27 de octubre de 2023

Oniria, el color perdido

Las tintascrudas de Rigel



Soñé con la despedida de Mónica, 
la que fue mi primera pareja.

Ella interrumpía la cena, se levantaba de la mesa y la perdía de vista en un restaurant lujoso para descubrirla en el patio trasero del comercio, rodeada de familiares que no reconocí. Vestía una blusa blanca y pechugona, y una minifalda negra, esa que deslumbraba a mis compañeros de estudio. Y al despertar me sonó a despedida, a partida. Había regresado sólo para decirme Adiós.

Con apenas 14 años de edad fuimos dos incontenibles delincuentes sexuales y hace casi 50 años me fui a vivir con ella los ocho siguientes de mi vida.

Durante 20 días de cada año ella era mayor que yo hasta igualarla en edad con los soles de noviembre.

Nos conocimos con las témperas y los crayones de la secundaria del dibujo publicitario en Ramos Mejía. Y unidos, muy pronto, la fiebre nos contaminó como una transfusión de veneno. Cruzar límites se volvió tan común que fue el motivo para tomar distancia de nuestras familias y dar espacio a una locura de ardores juveniles.

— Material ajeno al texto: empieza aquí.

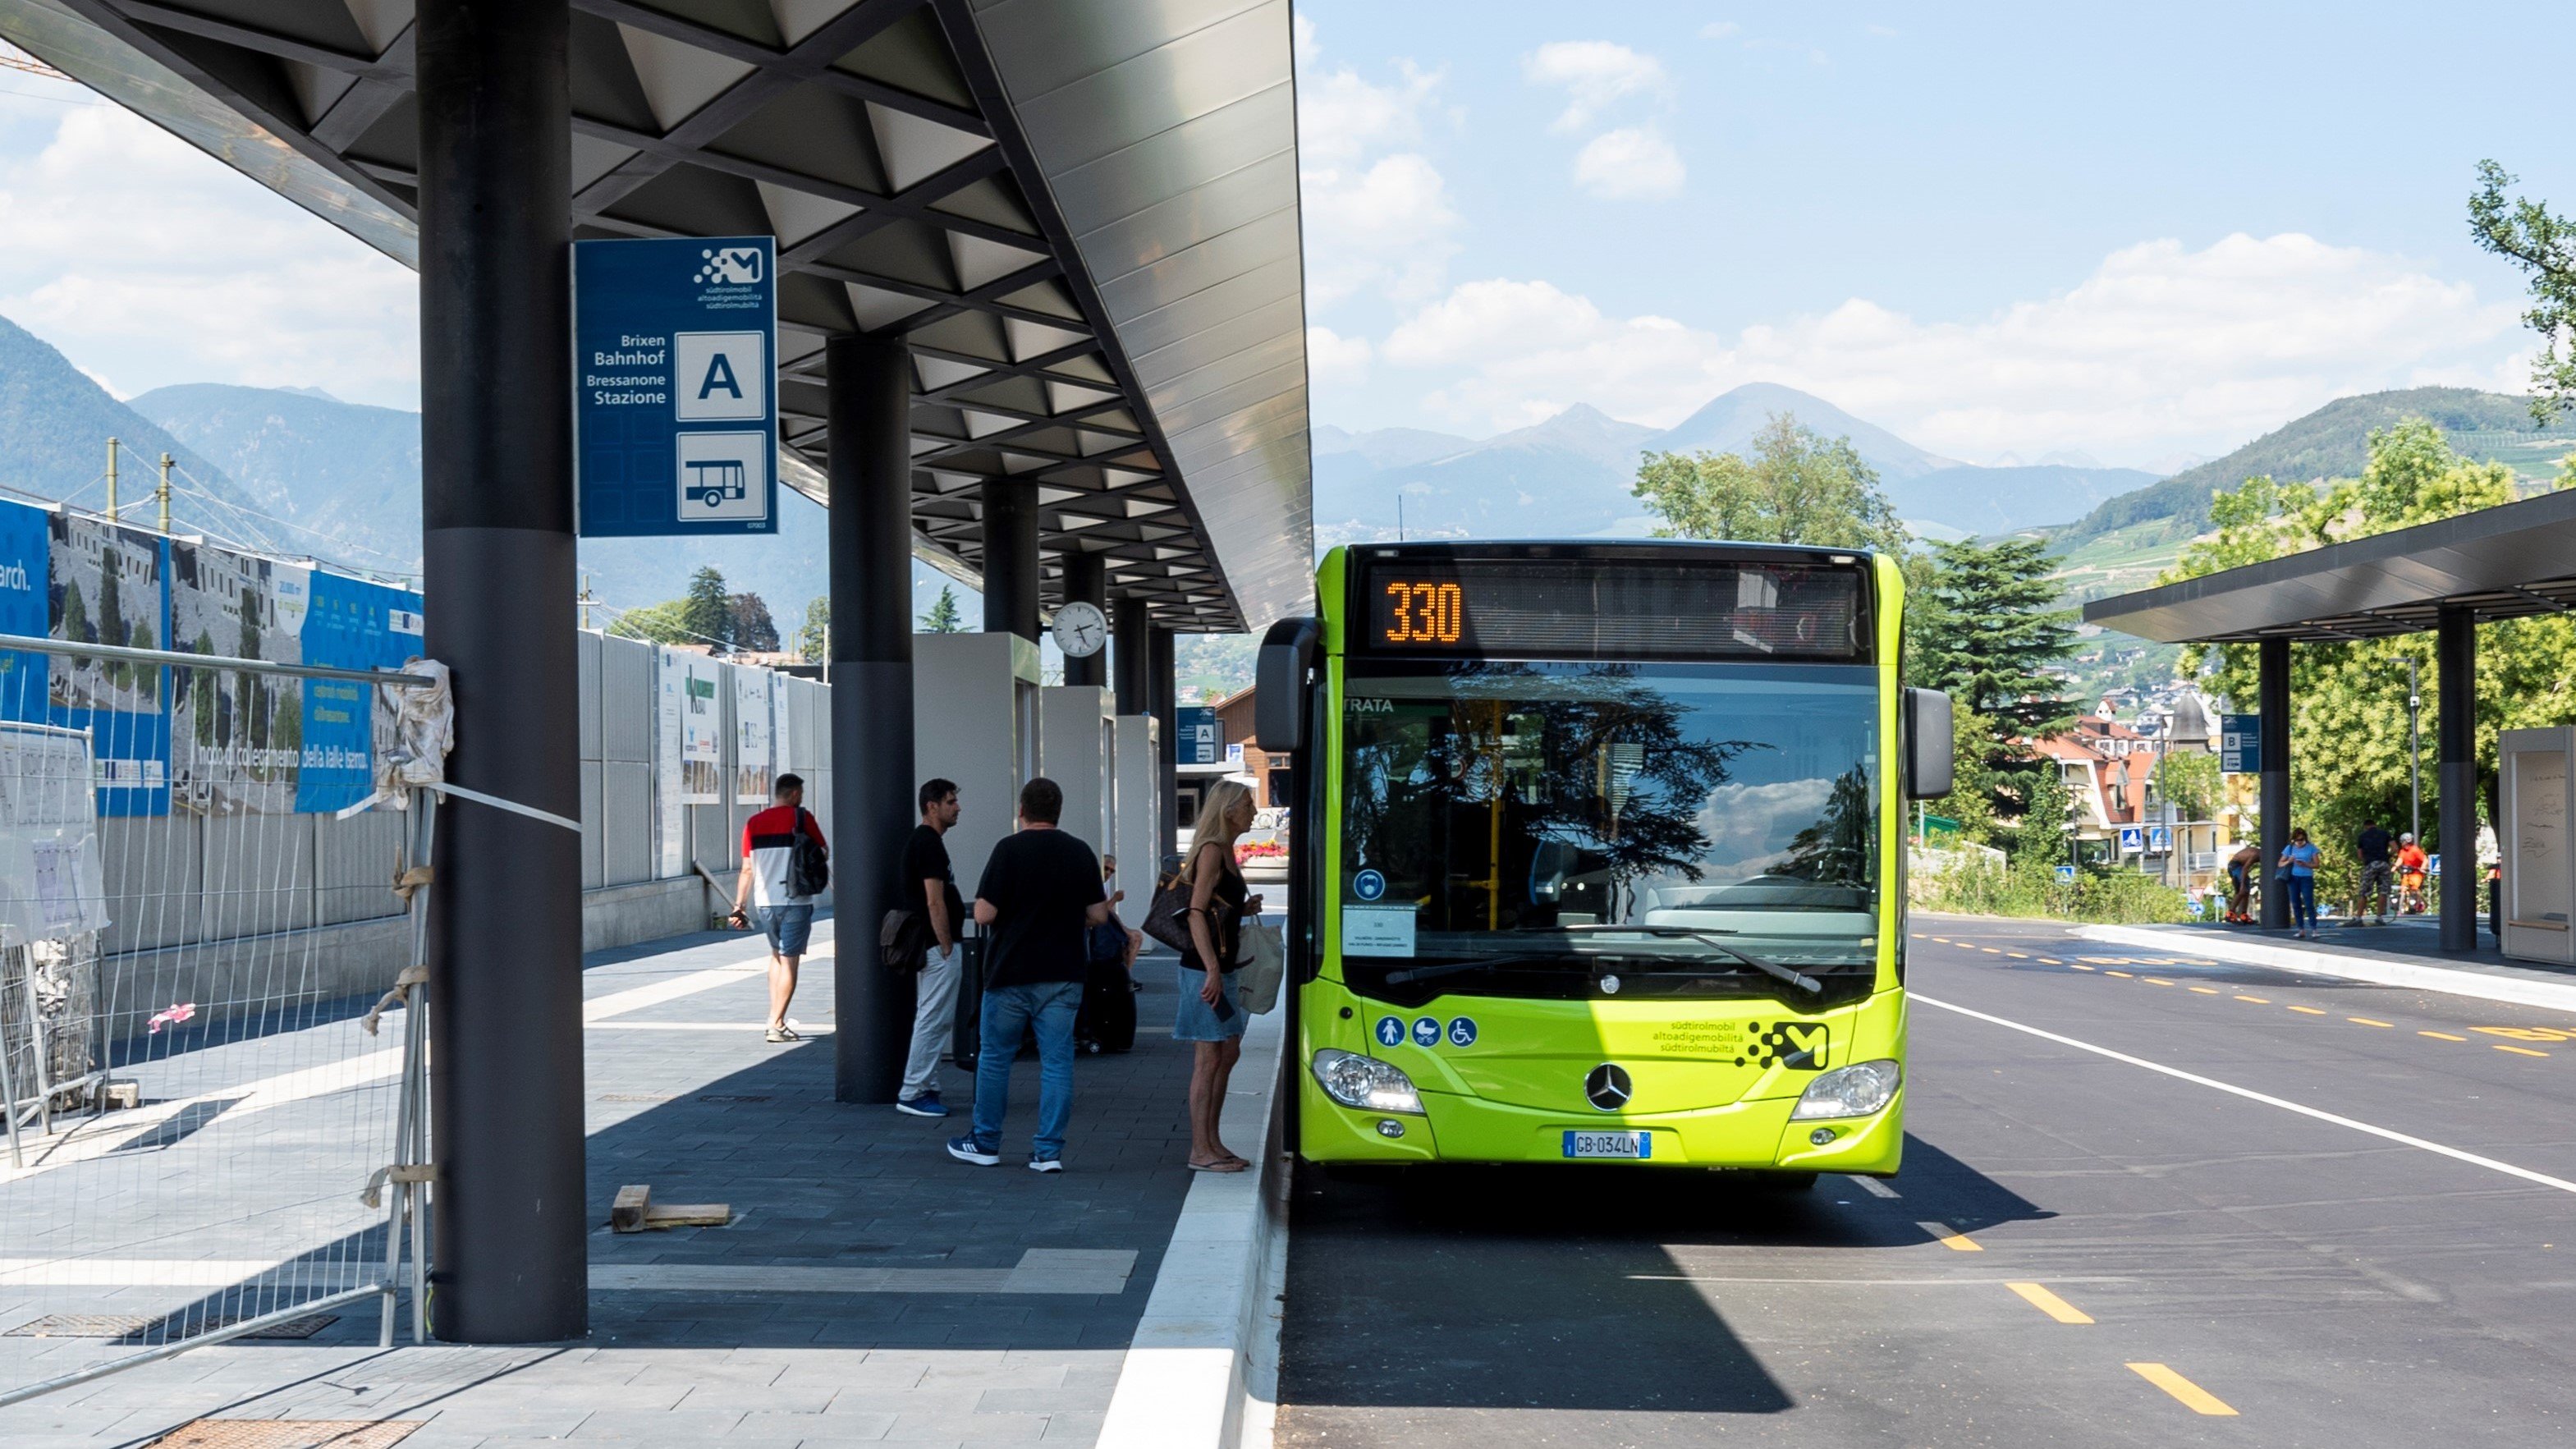 The new Mobility Centre a Bressanone/Brixen

Con 1,80 de altura, la vida extrema me redujo a esqueléticos 50 kilos de peso. Es decir, según la tabla americana, 30 por debajo del ideal en la relación peso y altura.

Y siendo yo soldado bajo bandera, ella fue la razón de mis escapes nocturnos por el que fui castigado con un mes preso en el calabozo. Me arrastraba por el campo hasta la ruta, evadiendo a los imaginarias de guardia, hasta que una mañana me descubrieron al regresar tarde.

Pero la poción viciosa sedimentó en la sangre y se hizo órgano; fue agua turbia y costra en el desencuentro. Nos volvimos violentos y salvajes. Los intentos de comunicación terminaban en peleas. Silencio y amor. Riñas y sexo. Entonces decidí ponerle fin a la pareja.

Admito que fue traumático para ambos, éramos dos adictos, uno al otro. Drogarnos de sexo era el escape nuestro de cada día. Y si el amor fue un infierno, la separación fue peor. Un verdaderos descenso al purgatorio.

Pasaron dieciocho años al menos. Volví a verla en '98 o '99 en un encuentro acordado en CABA una mañana de abril para firmar unos papeles. Cuando me vio acercarme a la mesa, me dijo: "¡Estás grandote!", porque me recordaba consumido y esquelético por la vida que hacíamos. Café y Marlboros en una cafetería vacía en la mañana vidriosa sobre Avda. Juan B. Justo. Fuimos amables al despedirnos. Pero no volví a saber de ella hasta soñarla ayer.

Las almas dicen adiós. No pocas veces me ocurrió en esta vida la visita final de una vida. El pitazo último y las campanas en el andén antes de partir al otro lado; un extraño halago de la creación.

Pero temo que hoy se me cayó un color ardiente de la paleta.